Forex Traders who use technical analysis as part of their trading method are already aware of the importance of technical indicators in the entire trading process. With a multitude of complicated and multipurpose indicators available, traders can get confused when choosing a set for their trading purposes.

**Naturally, a common question encountered is: What are the best forex indicators that work? **

The answer is complicated as it greatly depends on the trader’s nature, preferences and experience on the usage of different indicators. While there are no definitive “best”, there are certainly some indicators that have been found to have a demonstrable edge over others when used in forex market. This article aims to highlight three of them.

### 1. Average True Range Indicator:

The Average True Range indicator or ATR is a technical indicator used to calculate the average range price of price candles, over any given period of time. Developed by famous market technical J. Welles Wilder Jr, the indicator is now used by many traders to optimize stop losses and target placements. The main purpose of the ATR indicator is to measure market volatility levels. Traders can learn to interpret the ATR to objectively determine the market volatility in a practical way, allowing them to adapt their trading strategies across multiple market conditions efficiently. The value of the ATR depends on the maximum result among the following three calculations: the current high subtracted by the current low; the absolute value of the current low subtracted by the previous close; and the absolute value of the current high subtracted by the previous close. The highest result among the three calculations is considered as the ATR for the given candle.

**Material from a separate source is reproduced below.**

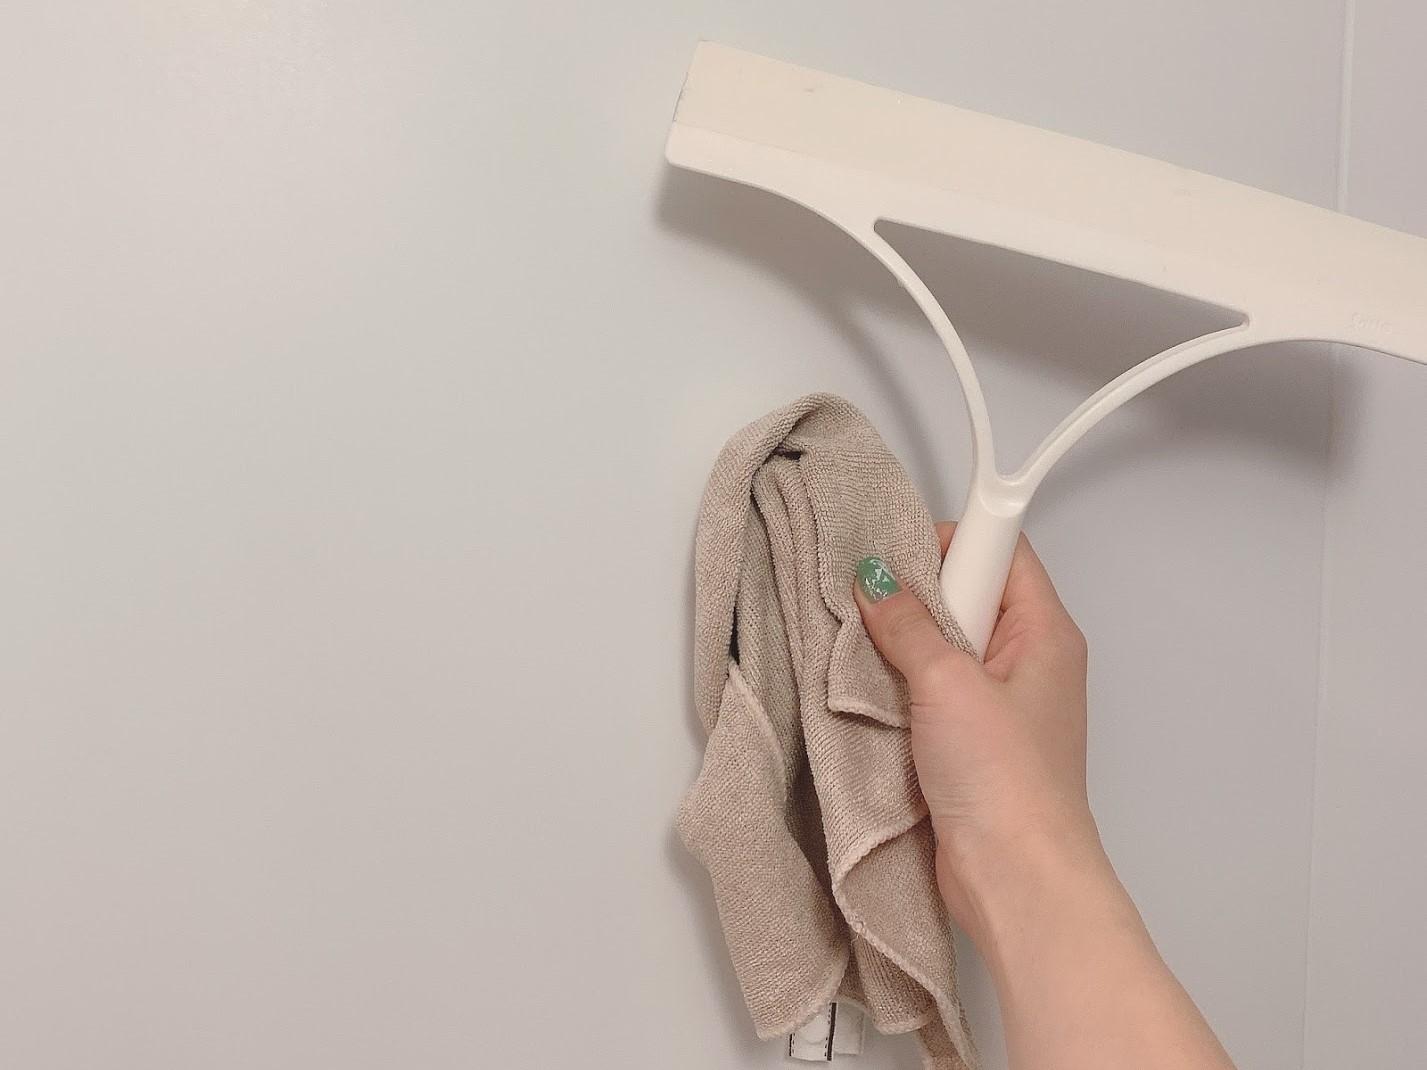 タオルはマイクロファイバータオルを使うのがおすすめ◎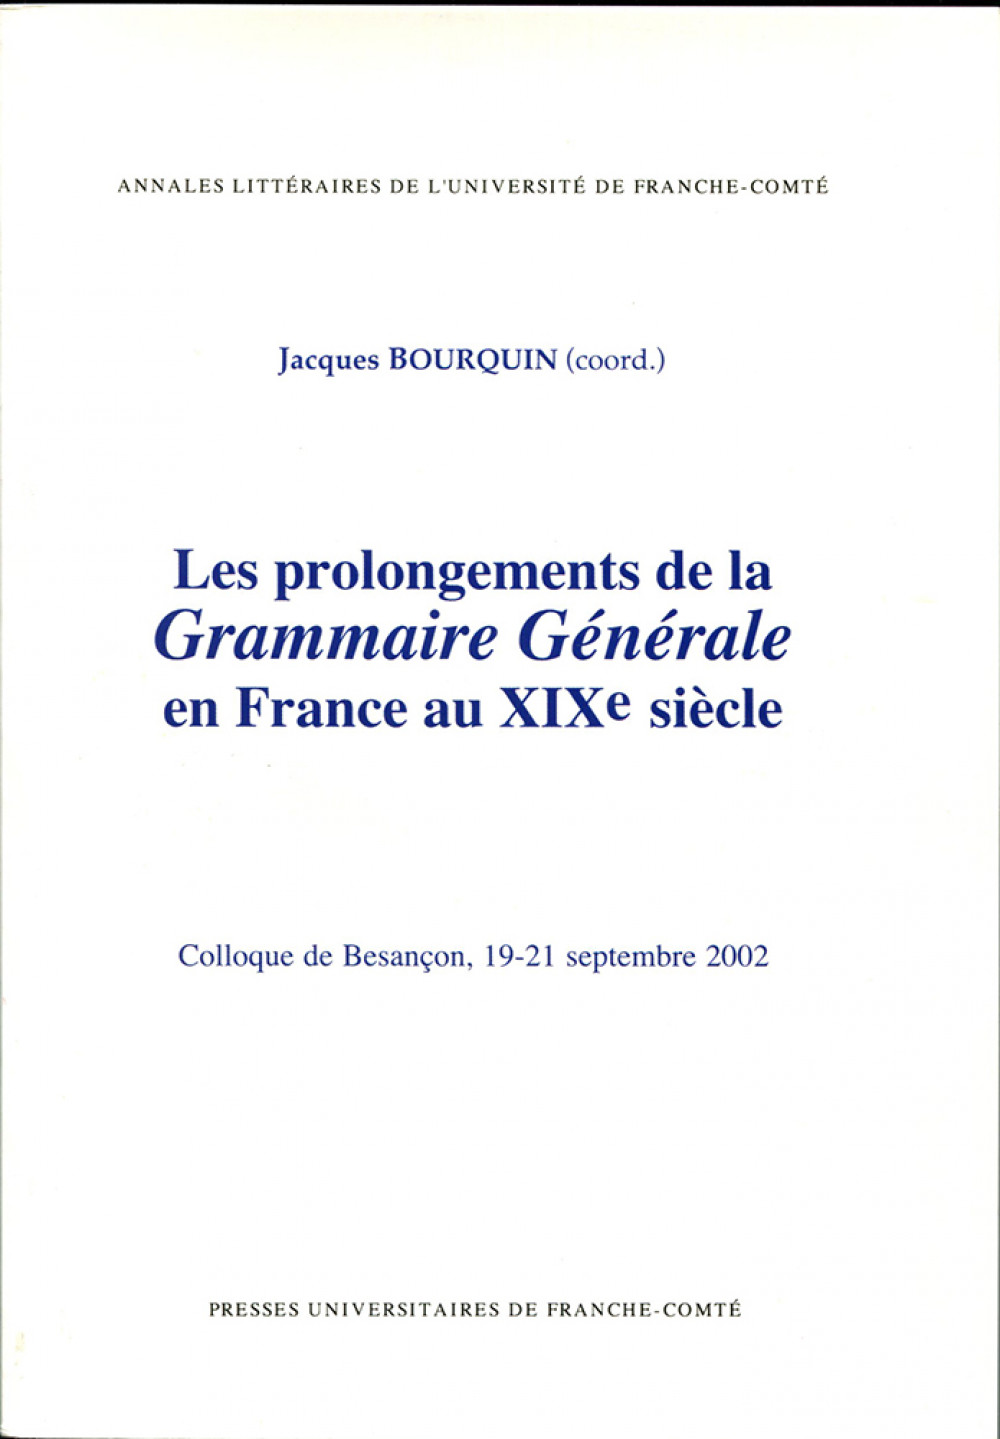 """Les prolongements de la <i>Grammaire Générale</i> en France au <span style=""""font-variant: small-caps"""">XIX</span><sup>e</sup> siècle"""

### 2. Relative Strength Index:

The Relative Strength Index or RSI as it’s commonly known as an oscillator indicator that emits values between a range of 0 and 100. Originally designed for stock trading, the RSI is now used for determining price momentum objectively.

Typically a high RSI indicates that many of the recent candles are bullish, just as a low RSI means that the recent candles are bearish. It is used a little differently in forex trading. The most effective way to use RSI is to spot momentum divergences in the forex market, especially on intraday trading timeframes. It is to be noted that the RSI is not a magical indicator but rather is used as a kind of filter. It is typically used to pick tops and bottoms, a difficult method for novice traders to follow.

The RSI is used to give the trade an objective indication of the magnitude of the current price momentum. As an oscillator indicator, it only expresses value between 0 and 100, with 100 and 0 representing extreme bearishness and bullishness respectively. Getting a reading of exactly 0 or 100 is extremely rare, which would mean that the recent price action has no hint of weakness and is entirely either bearish or bullish. The RSI value can be calculated as follows: RSI = 100-100/(1+RS), where RS equals to the average gain of the number of bars up divided by the average loss of the number of bars down.

### 3. Exponential Moving Average:

The exponential moving average or EMA is an indicator which falls under the category of moving averages alongside simple moving, smoothed moving, linear weighted and others. It works similar to the ATR indicator as it attempts to adapt to the market volatility. Traders choose the EMA over other moving averages because it gives priority to recent price action over old ones.

The EMA is commonly combined with price action principles, along with trends, structure and candlelight analysis to create objective trend- continuation strategy rules. Ti can thus be used to objectively define the trend. For instance, if the price level is above the EMA, the trader might look for longs and consequently look for shorts if the price falls below the EMA. The EMA can also act as either a dynamic resistance or support zone, which can be used to placing stop losses. The main edge that the EMA seems to have over other indicators is that it attaches even more weight to the most recent price data in an exponential fashion rather than in a linear fashion.

There are three steps involved in the EMA calculation. To calculate a 5 Period EMA, we first have to calculate the simple moving average. Next we calculate the multiplier, which in this case, is 2÷ (Number of periods, in this case 5) +1 = 2÷5+1=33.33%. This is followed by calculating the EMA= {Close – EMA (previous day)}* multiplier + EMA of the previous day.

The above three are just a few examples of some of the most used simple indicators used by many forex traders. As with almost all indicators, a large part of the trader’s success depends on how well they grasp the concept of a particular indicator and how they apply it. This requires a definite level of skill, experience, and technical know-how.